*** Task data ***

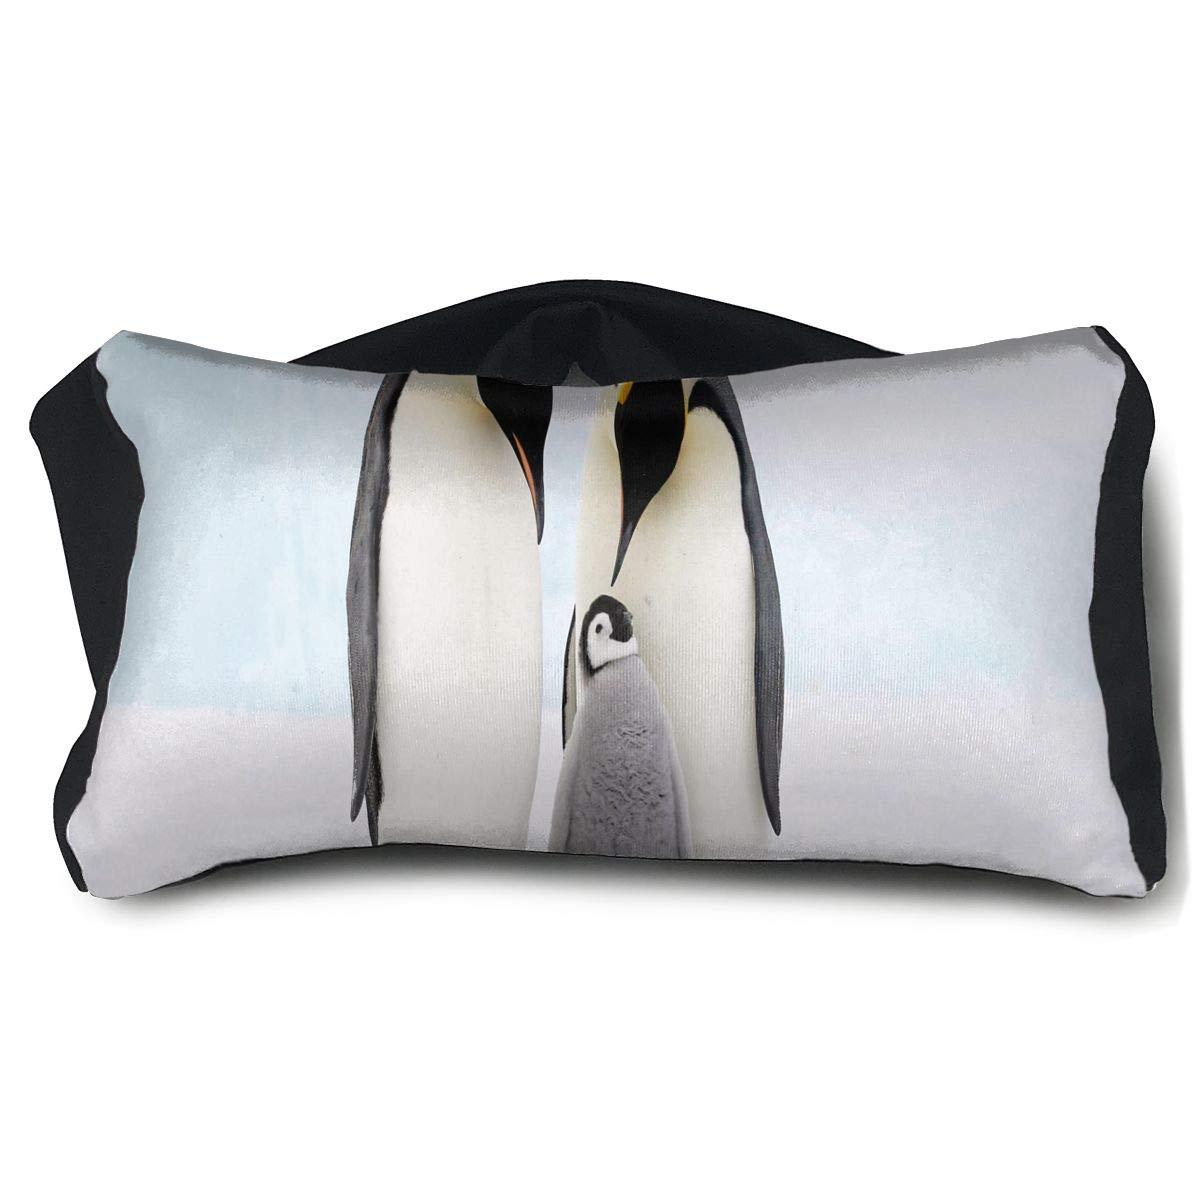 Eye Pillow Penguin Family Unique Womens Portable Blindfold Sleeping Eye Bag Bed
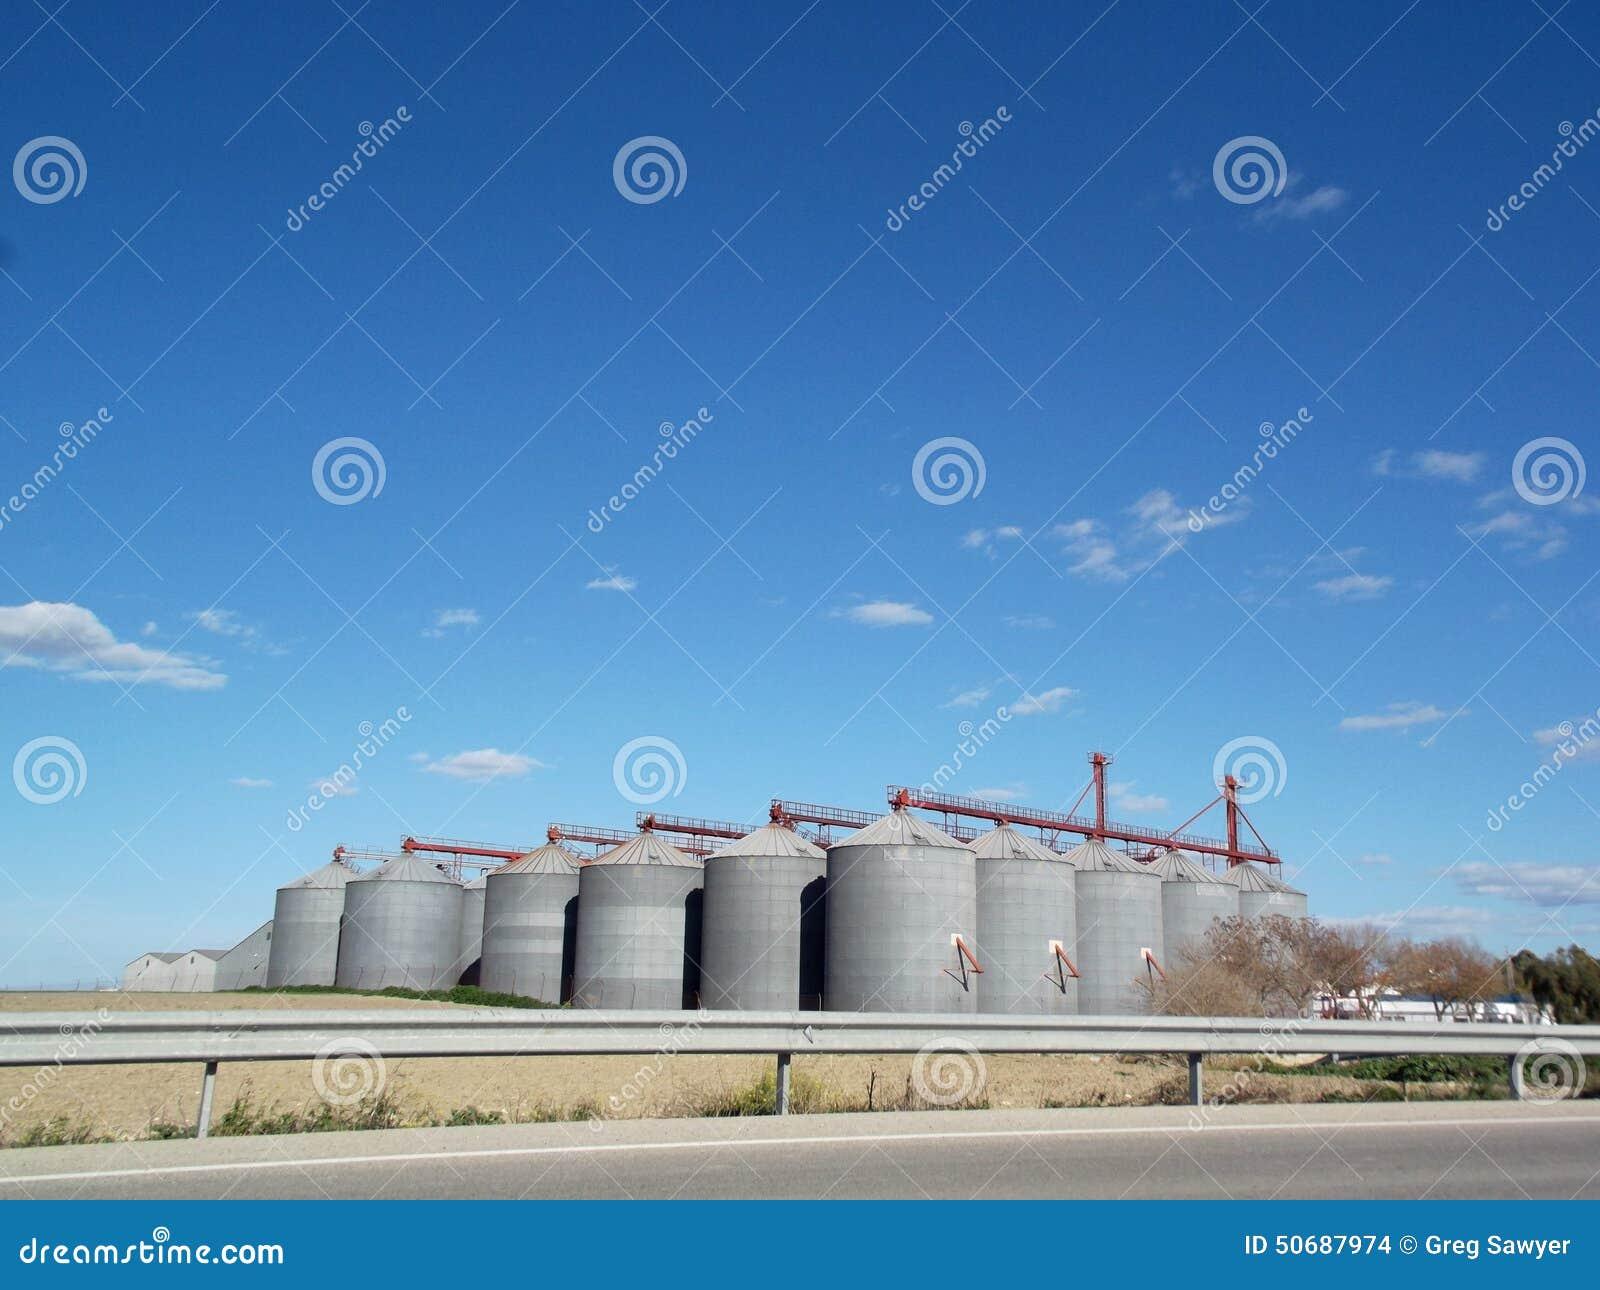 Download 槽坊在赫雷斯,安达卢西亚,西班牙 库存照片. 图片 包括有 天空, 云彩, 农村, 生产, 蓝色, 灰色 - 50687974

***
*** Task data ***

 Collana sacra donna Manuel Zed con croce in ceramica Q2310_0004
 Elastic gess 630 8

***

[Requirement]
Transcribe each line of the data above, unaltered, from the one where "Collana sacra donna" appears to the one where "Elastic gess 630 8" appears, inclusive of both.

[The completed task]
 Collana sacra donna Manuel Zed con croce in ceramica Q2310_0004
 Elastic gess 630 8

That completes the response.